Les garçons aujourd'hui sont entourés de messages qui leur disent être un homme, c'est être dur, toujours en contrôle et entouré de femmes attirantes. C'est une vision impossible et irréaliste de la virilité qui prépare les garçons à l'échec, à la déception et à la frustration. Mais le contenu des armes à feu en ligne semble cibler et alimenter cette insécurité en disant aux garçons qu'un arme est un raccourci pour atteindre cette vision. En d'autres termes, ce qui est vendu à travers ce type de stratégie marketing est bien plus qu'une simple arme à feu.
Superposez qui, en plus de la crise de la santé mentale des adolescents – 40% des élèves du secondaire signalent des sentiments persistants de tristesse ou de désespoir – et il devient clair à quel point ce type de messagerie peut être.
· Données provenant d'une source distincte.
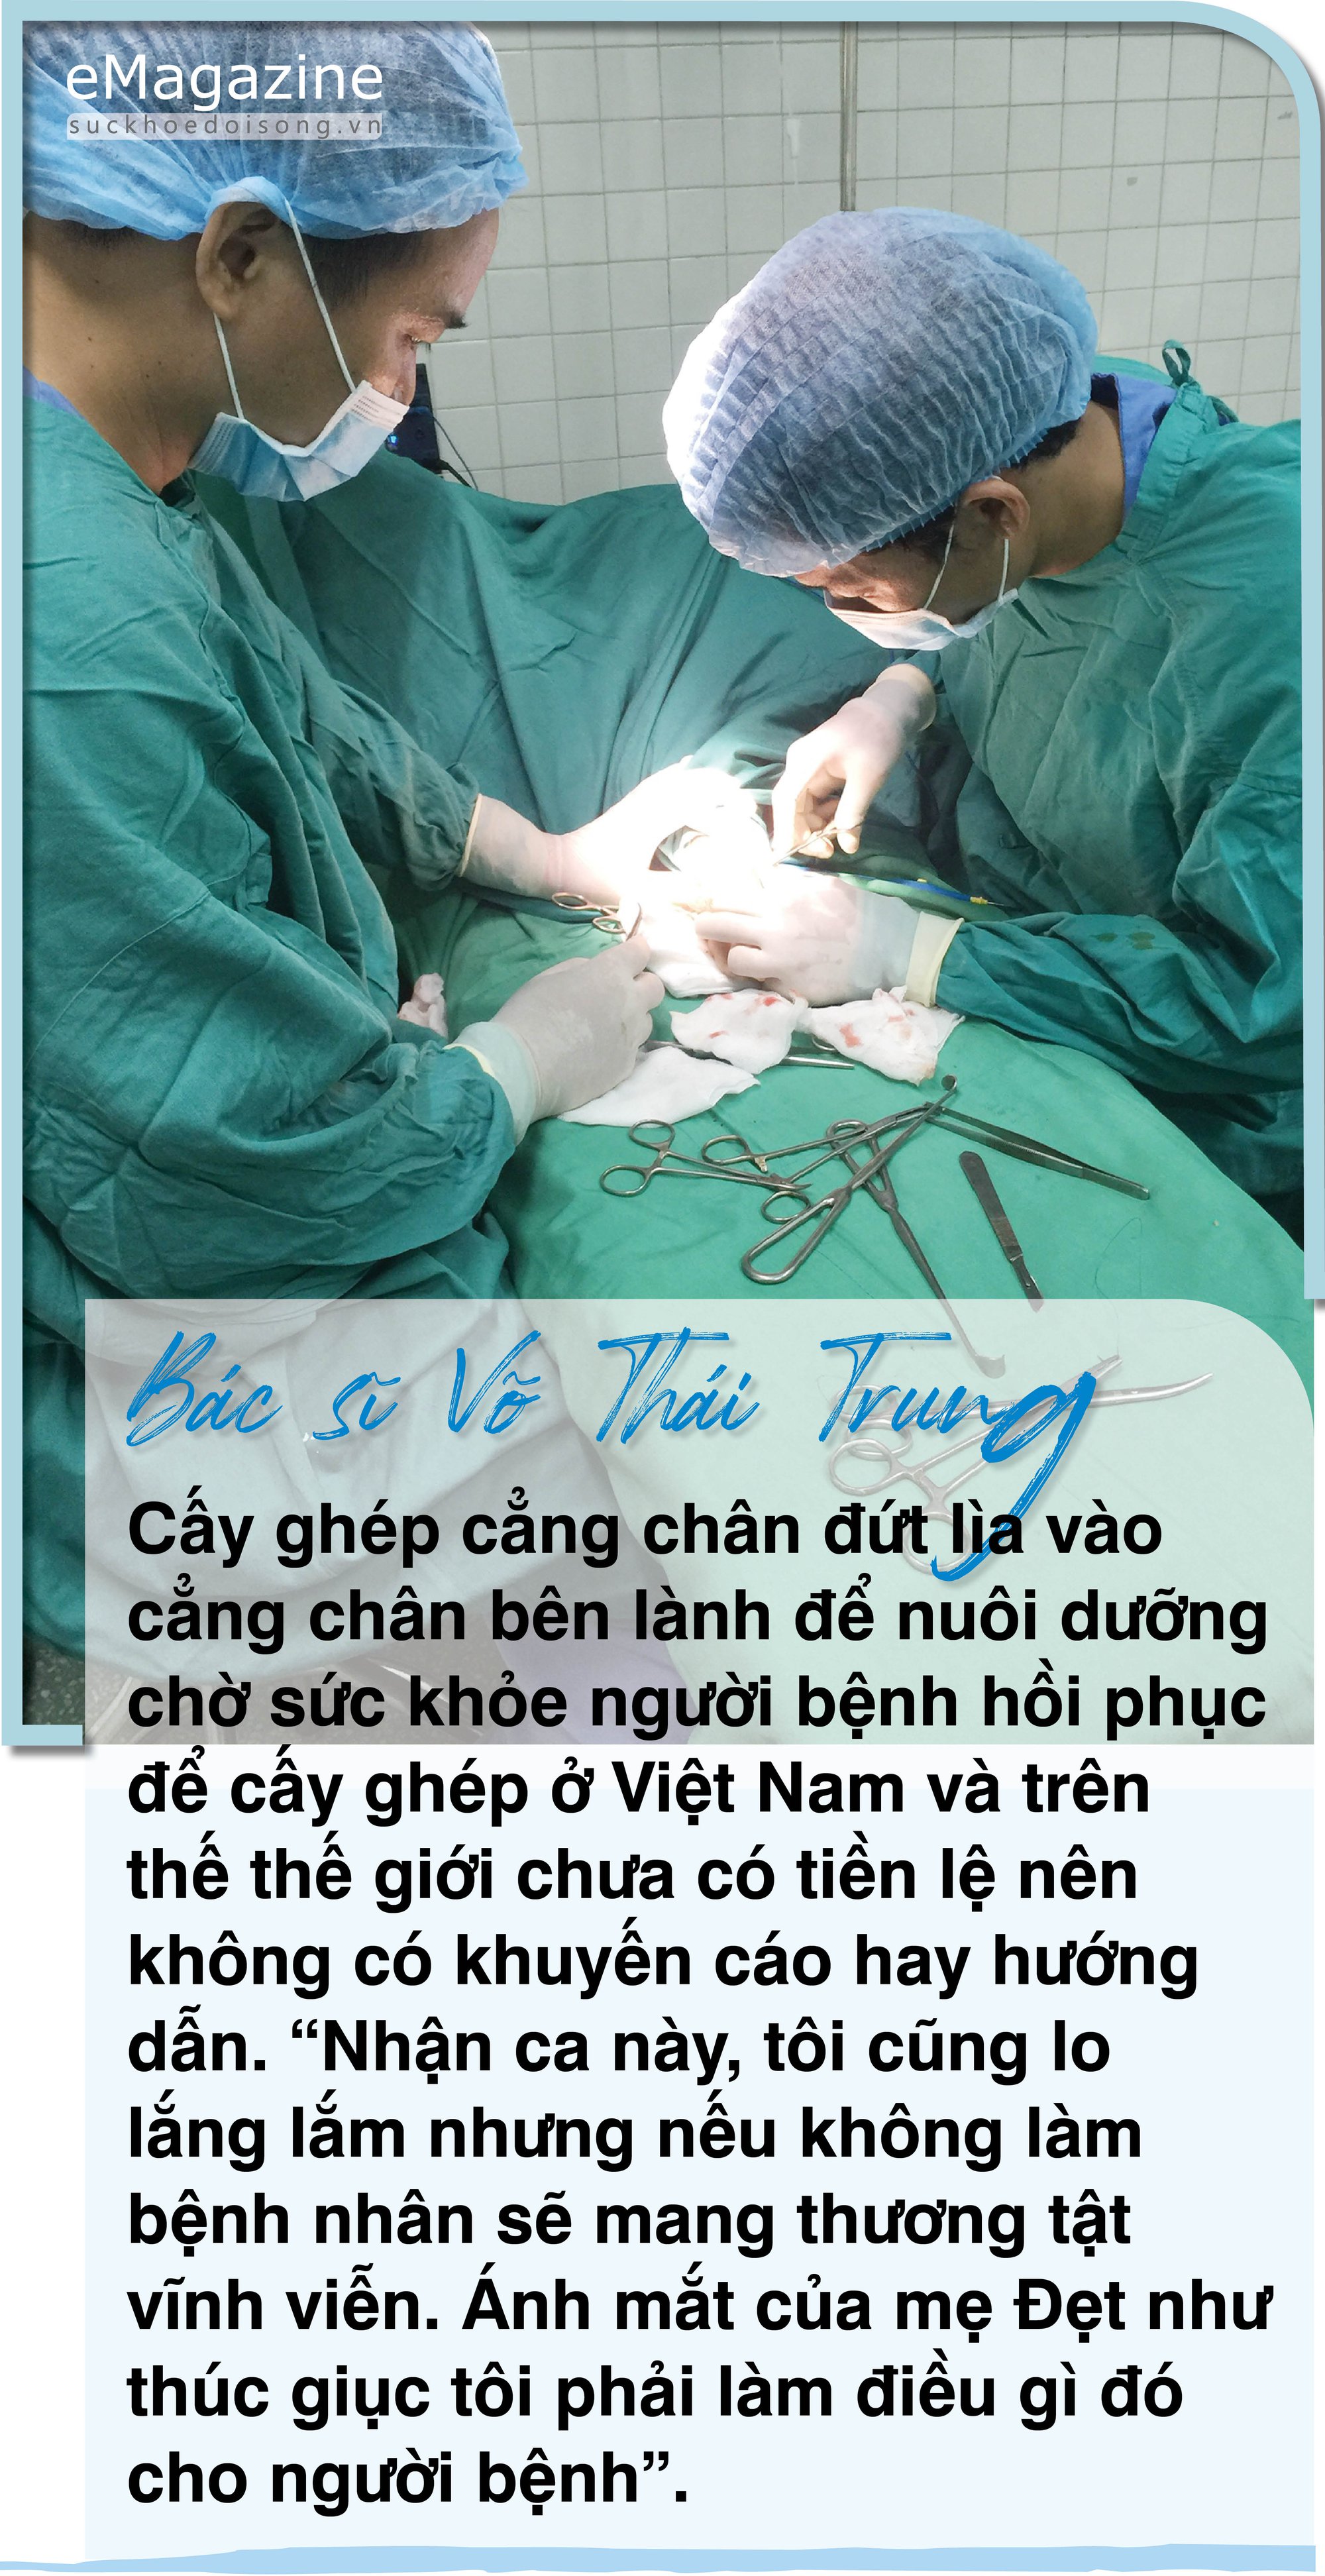 Bác sĩ Võ Thái Trung: “Thêu hoa, dệt gấm” hồi sinh những mảnh đời - Ảnh 4.

«Nous ne disons pas (les fabricants d'armes à feu devraient) arrêter les armes à feu», explique Hockley. «Nous disons le faire d'une manière éthique qui comprend la garantie que les enfants ne voient pas cela (contenu).»
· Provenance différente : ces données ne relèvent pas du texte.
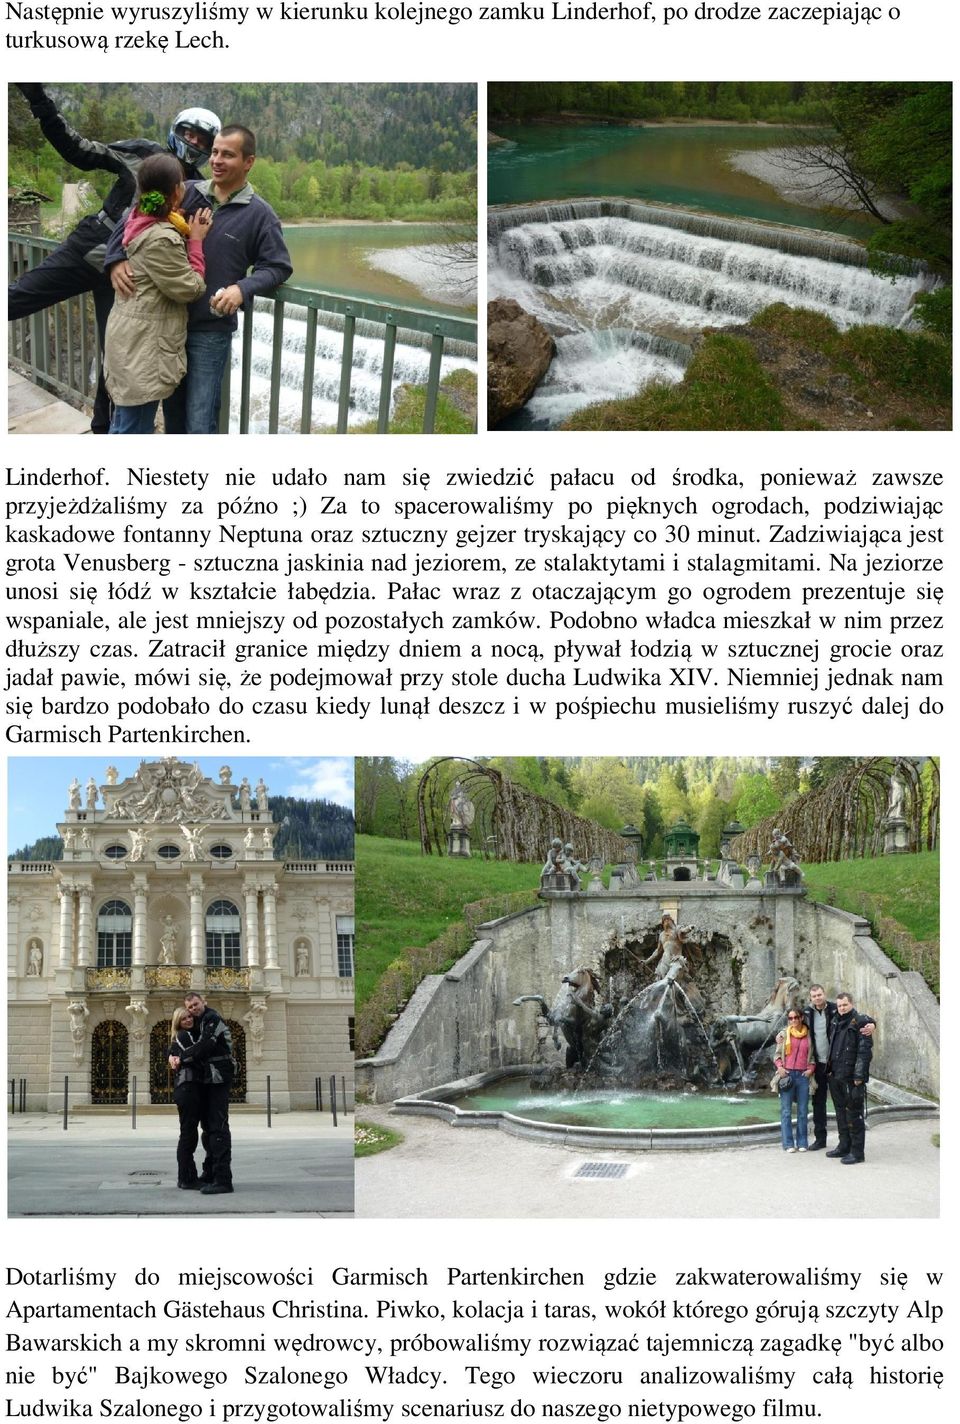 Niestety nie udało nam się zwiedzić pałacu od środka, ponieważ zawsze przyjeżdżaliśmy za późno ;) Za to spacerowaliśmy po pięknych ogrodach, podziwiając kaskadowe fontanny Neptuna oraz sztuczny

Comment les parents peuvent protéger contre le marketing d'armes à feu
Jordan encourage les parents à se familiariser avec ce type de contenu d'armes à feu.
«Jusqu'à ce que vous voyiez ce que vos enfants voient, vous n'allez pas réaliser le problème», dit-elle. Elle a également fourni plusieurs recommandations pour aider les parents à gérer la relation de leurs enfants avec la technologie.
- Ne laissez pas les téléphones dans les chambres ou derrière les portes fermées. Lorsque les téléphones sont nécessaires pour les devoirs, cela devrait se produire dans une zone commune de la maison.
- Explorez les applications que vos enfants souhaitent utiliser. Les parents peuvent d'abord explorer les applications avant que les enfants ne les téléchargent pour avoir une idée de l'environnement de l'application.
- Surveillez les notes de jeu vidéo. Ils aident à protéger le développement des esprits contre les messages nuisibles et le contenu qui pourraient être trop forts pour eux.
- Enseigner la littératie des médias. Comprendre que les plateformes «gratuites» ne sont pas vraiment gratuites aident les enfants à réfléchir plus critique à leurs décisions numériques.
- Parlez de jeux où le tir et le meurtre sont l'objectif principal. Les conversations avec des enfants sur la mort de jeux aident à s'assurer qu'ils ne sont pas désensibilisés.
- Capture d'écran Contenu de marketing d'armes à feu inapproprié et la diffuser. Lorsque d'autres parents éprouvent ce contenu, ils sont plus susceptibles de s'impliquer et de faire pression pour le changement.
Il y a aussi une pétition sur le site Web de Sandy Hook Promise exhortant les législateurs à interdire la publicité des armes à feu aux enfants de la même manière que l'alcool et le tabac ont été interdits d'être commercialisés.
Des enquêtes comme celle de Sandy Hook Promise donnent aux parents un aperçu critique de ce qui se passe dans les mondes des garçons en ce moment. Tant qu'il continue d'atteindre les enfants, le marketing d'armes à feu hypersexualisé ne peut jamais être classé comme un contenu purement de divertissement. Regarder de jolies femmes se faire exploser les vêtements par une arme à feu comment les garçons voient le monde et leur place. Les parents devraient être en mesure de contrôler qui et ce qui informe cette vision du monde – pas un algorithme et non des fabricants d'armes à feu.